MPCSB actually stands for my name: M. Perry Charles Stuart B. My dad had three also: G. Anthony George Edward B. (OK so no comments about haw many names of English monarchs are involved, remember I didn't pick them.)

I this really uncommon? How many middle names do most people have?

Cheers


----------



## bosthist (Apr 4, 2004)

> quote:_Originally posted by mpcsb_
> 
> Recently, some friends commented that they thought it odd I had so many middle names (3).
> 
> ...


Almost everyone I know has one middle name and a few friends have no middle name. My wife has two, but she changed her last name in her early 20s and simply moved her former last name into the middle. Three would surely make a monogram an interesting endeavor.

Regards,

Charles


----------



## ChubbyTiger (Mar 10, 2005)

I think that most Americans only have one. I've always associated, rightly or wrongly, multiple middle names with the high end English and upper-crust New Englanders. English nobility and the Mayflower crowd, interesting example of convergent evolution, isn't it?

CT



Back off, man I'm a scientist. -- Dr. Peter Venkman


----------



## Coolidge24 (Mar 21, 2005)

> quote:_Originally posted by ChubbyTiger_
> 
> I think that most Americans only have one. I've always associated, rightly or wrongly, multiple middle names with the high end English and upper-crust New Englanders.
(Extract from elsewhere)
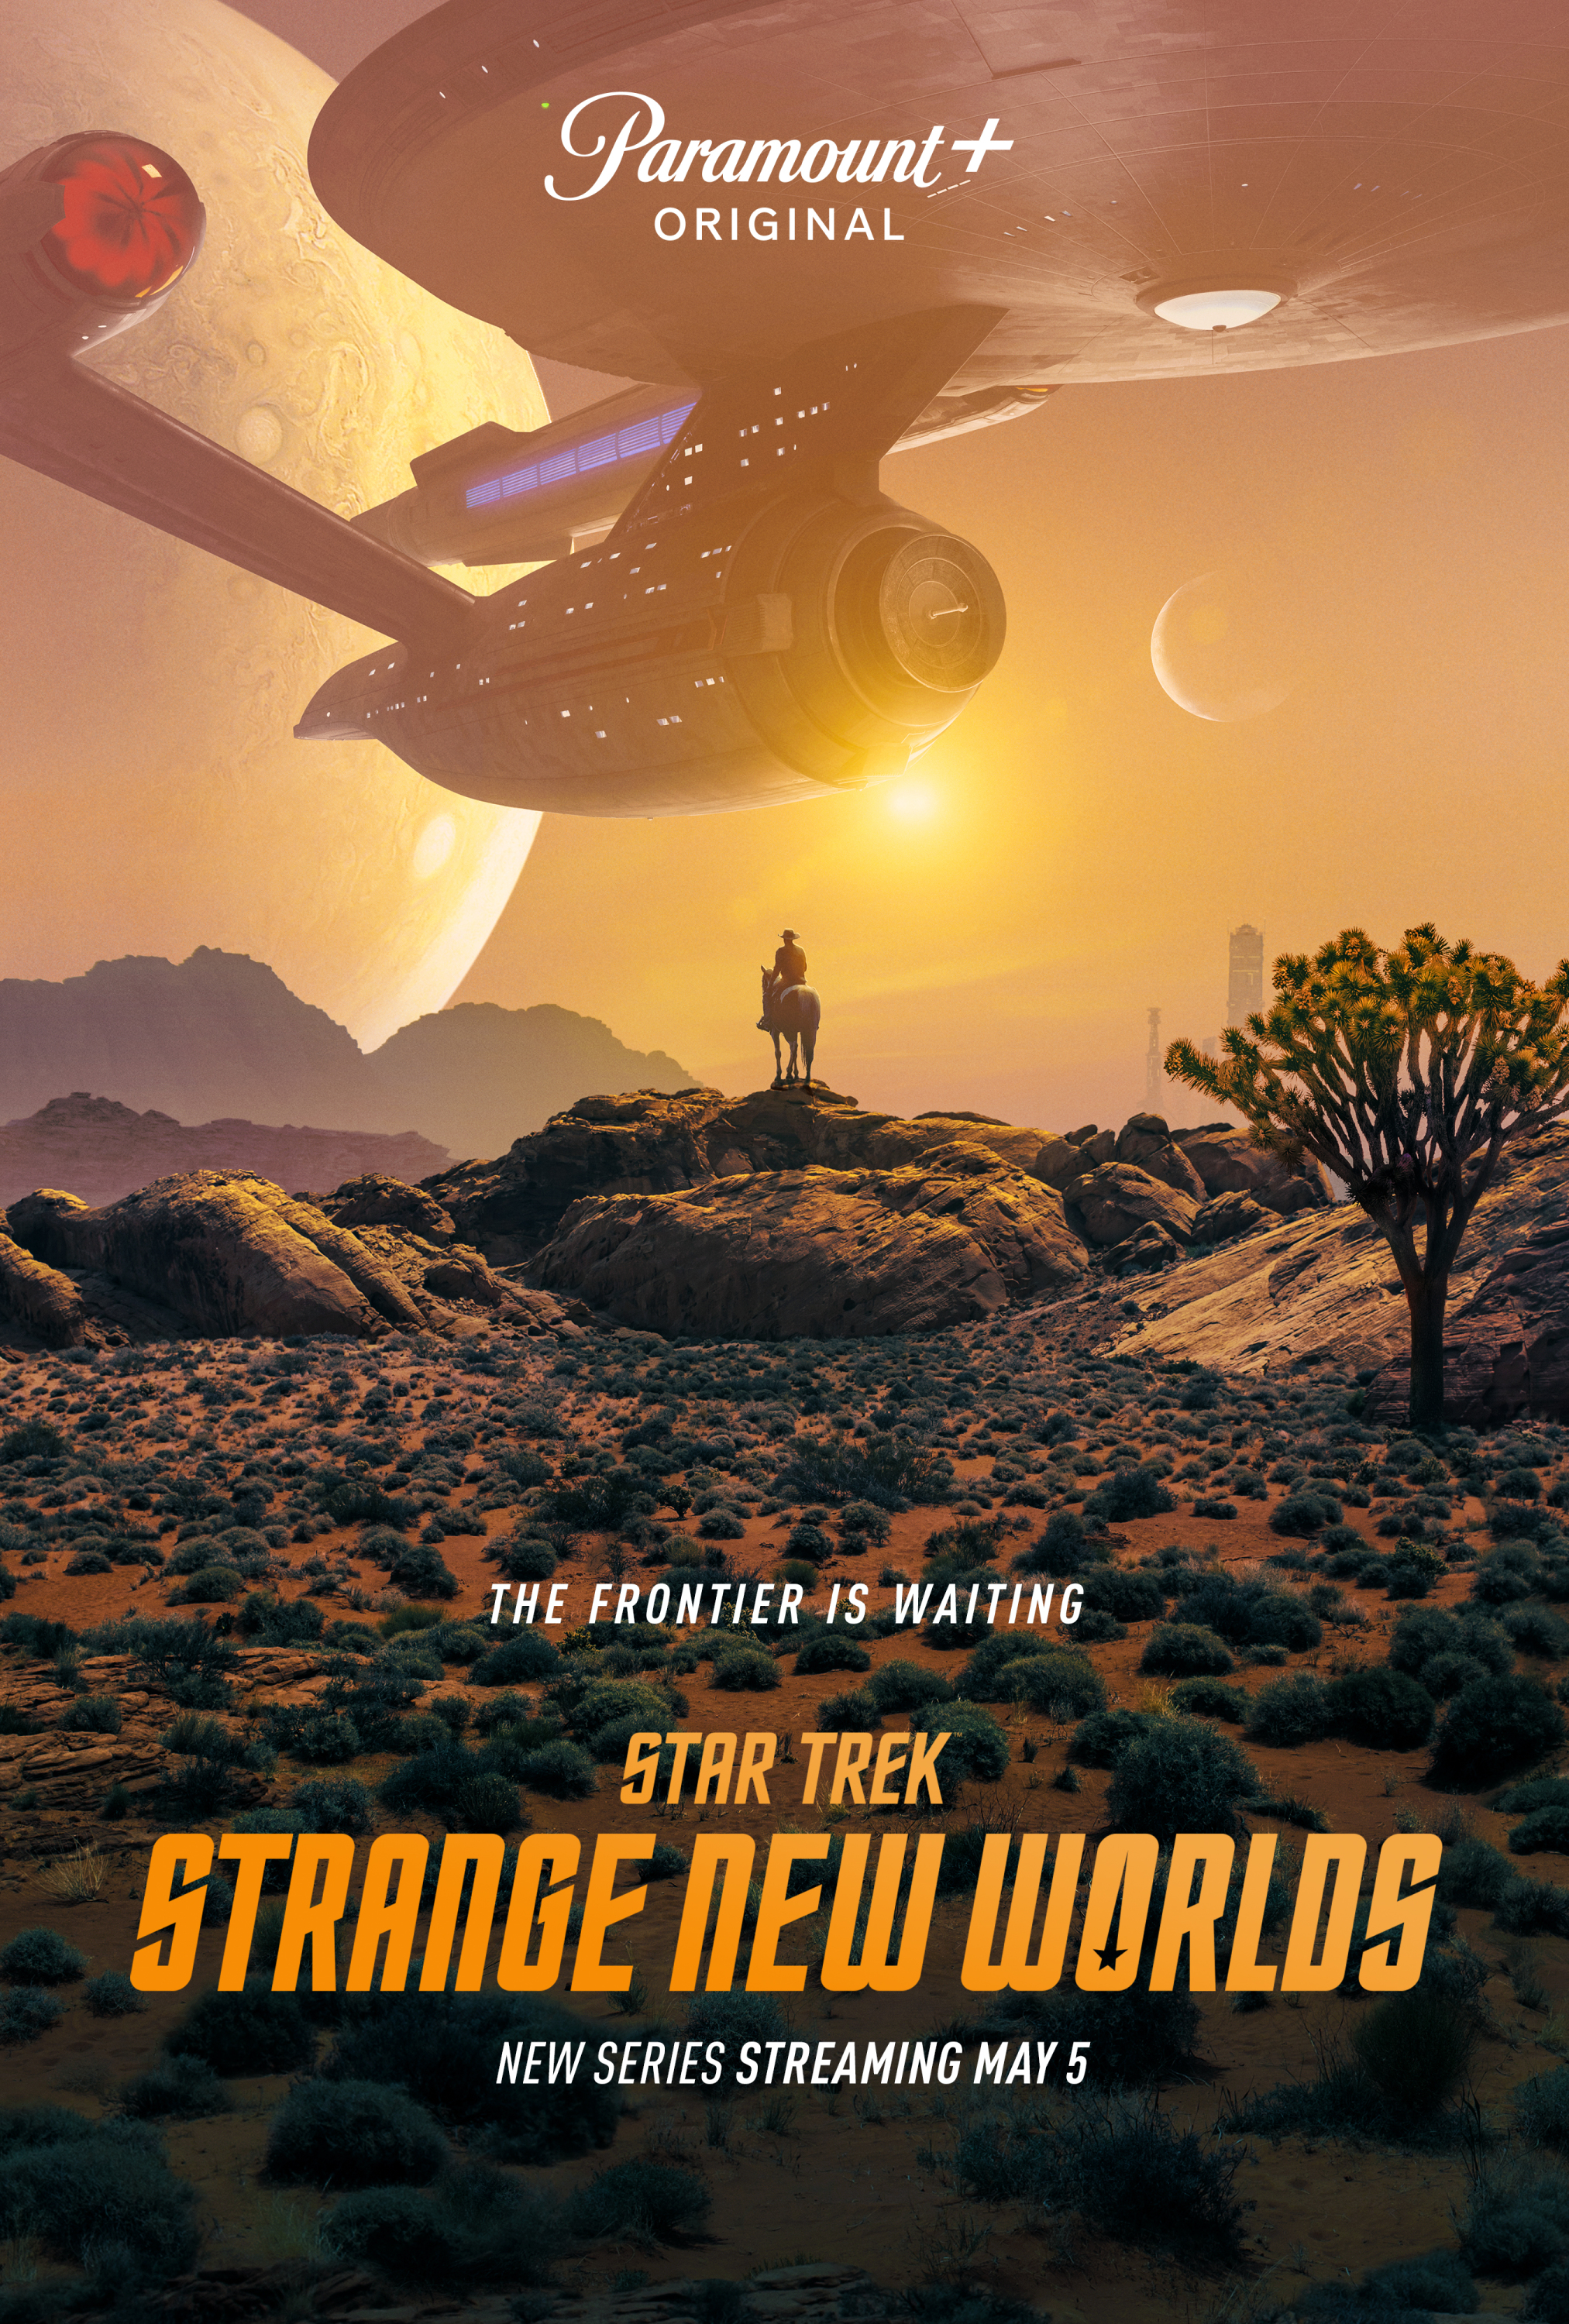  Star Trek: Strange New Worlds S01E07 (EN)[WebRip][2160p] = CSFD 78%
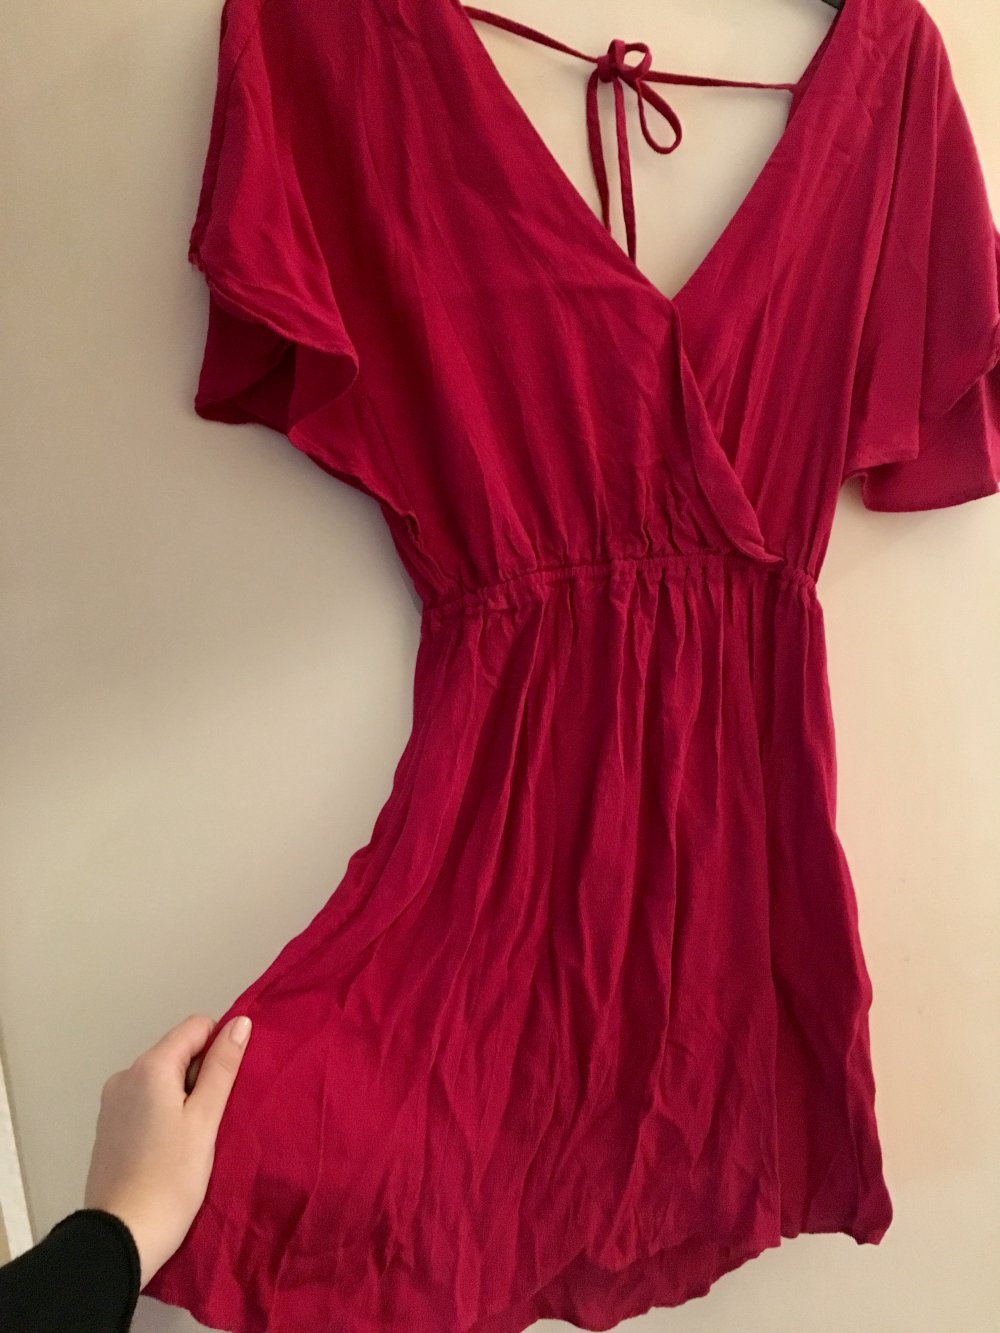 Pinkrotes Kleid mit Rückenausschnitt

English nobility and the Mayflower crowd, interesting example of convergent evolution, isn't it?
> 
> ...


I have but one. The debate in my family was over whether it should be a geneological last name or a first name, or whether, alternatively, my first name should be the geneological last name with a regular middle name just in case I didnt like the first name or it ended up un-nicknamable!

Coolidge


----------



## KenR (Jun 22, 2005)

Does a confirmation name count as 2?


----------



## ChubbyTiger (Mar 10, 2005)

> quote:_Originally posted by KenR_
> 
> Does a confirmation name count as 2?


I wasn't counting it that way. If it does, then I suppose I fall into my aforementioned "upper-crust/nobility" crowd. Actually, I think that proves that it doesn't count. 

CT


----------



## Joe Frances (Sep 1, 2004)

Two: Joseph Anthony Michael


----------



## Literide (Nov 11, 2004)

> quote:_Originally posted by mpcsb_
> 
> Recently, some friends commented that they thought it odd I had so many middle names (3).
> 
> ...


Clearly Dad is a Hanoverian and you a Jacobite. Sorry couldnt resist.


----------



## Literide (Nov 11, 2004)

> quote:_Originally posted by ChubbyTiger_
> 
> 
> 
> ...


2 different things. Confirmation is something you pick up later in life, double barreled middle names are on your birth certificate.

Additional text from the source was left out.